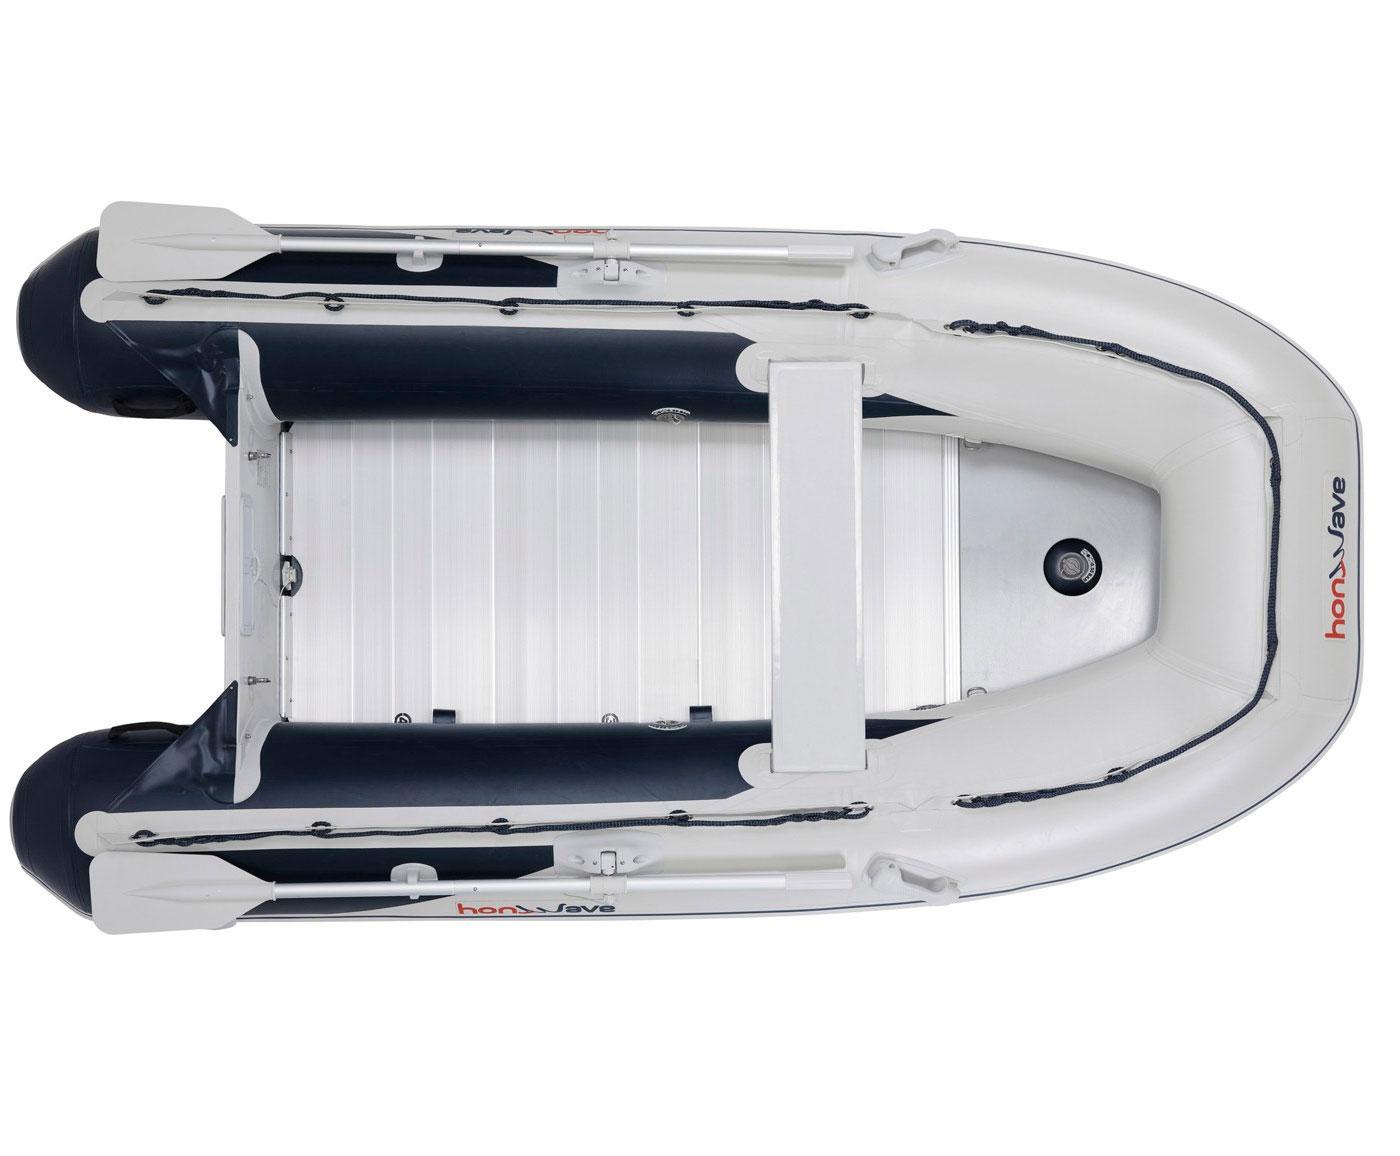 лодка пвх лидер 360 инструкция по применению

□ □ □ □ □ □ □

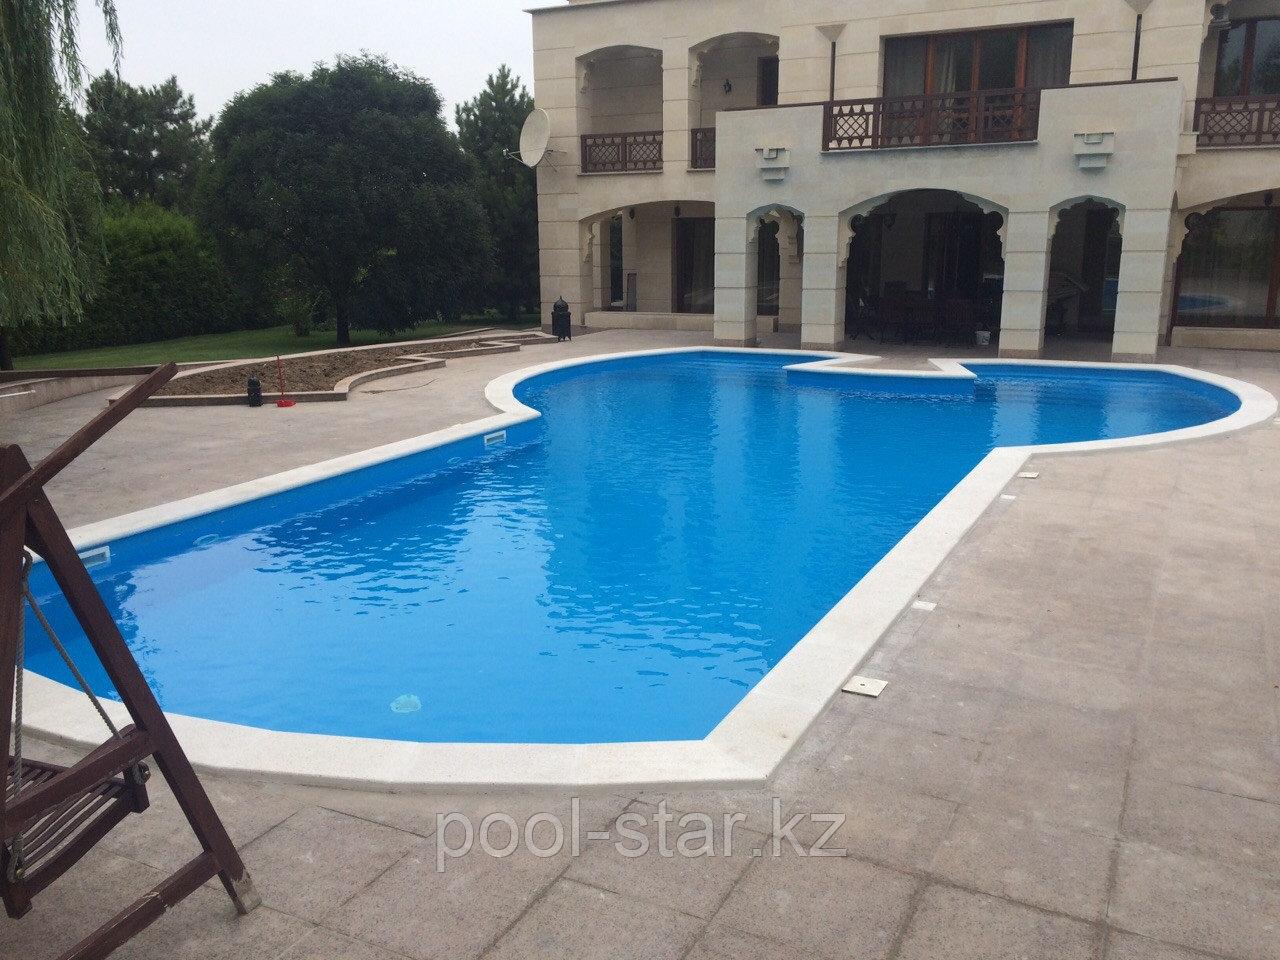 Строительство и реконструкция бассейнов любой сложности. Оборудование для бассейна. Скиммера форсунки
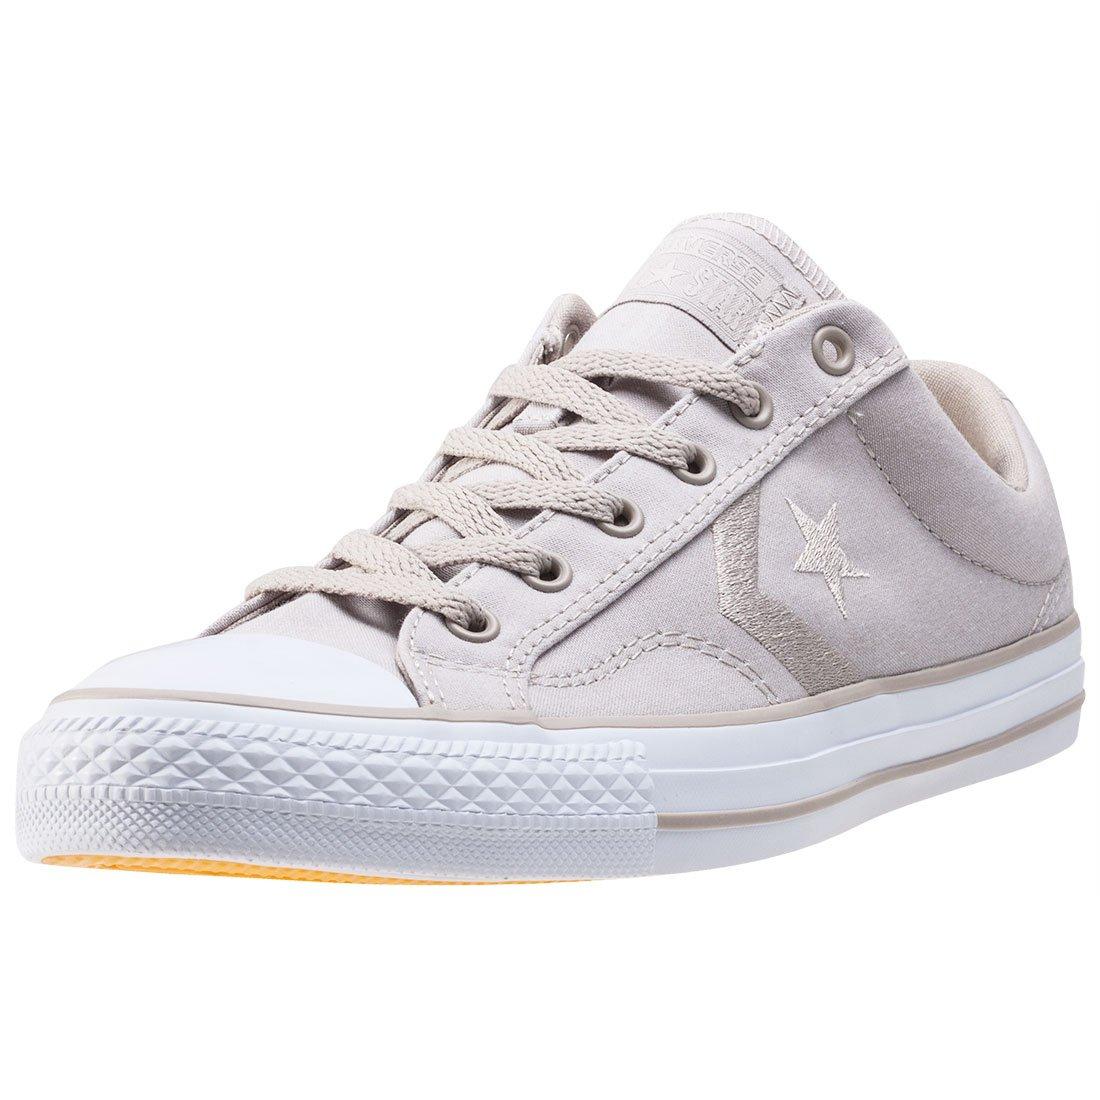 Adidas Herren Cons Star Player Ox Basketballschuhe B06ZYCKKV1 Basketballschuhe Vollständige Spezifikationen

□ □ □ □ □ □ □

▸ **AIM OF THE TASK**
Nothing but the lines from the one with "Строительство и реконструкция" to the one with "Adidas Herren Cons" above, both included, should be transcribed, exactly and without pictures.

▸ **SOLUTION**
 Строительство и реконструкция бассейнов любой сложности. Оборудование для бассейна. Скиммера форсунки
 Adidas Herren Cons Star Player Ox Basketballschuhe B06ZYCKKV1 Basketballschuhe Vollständige Spezifikationen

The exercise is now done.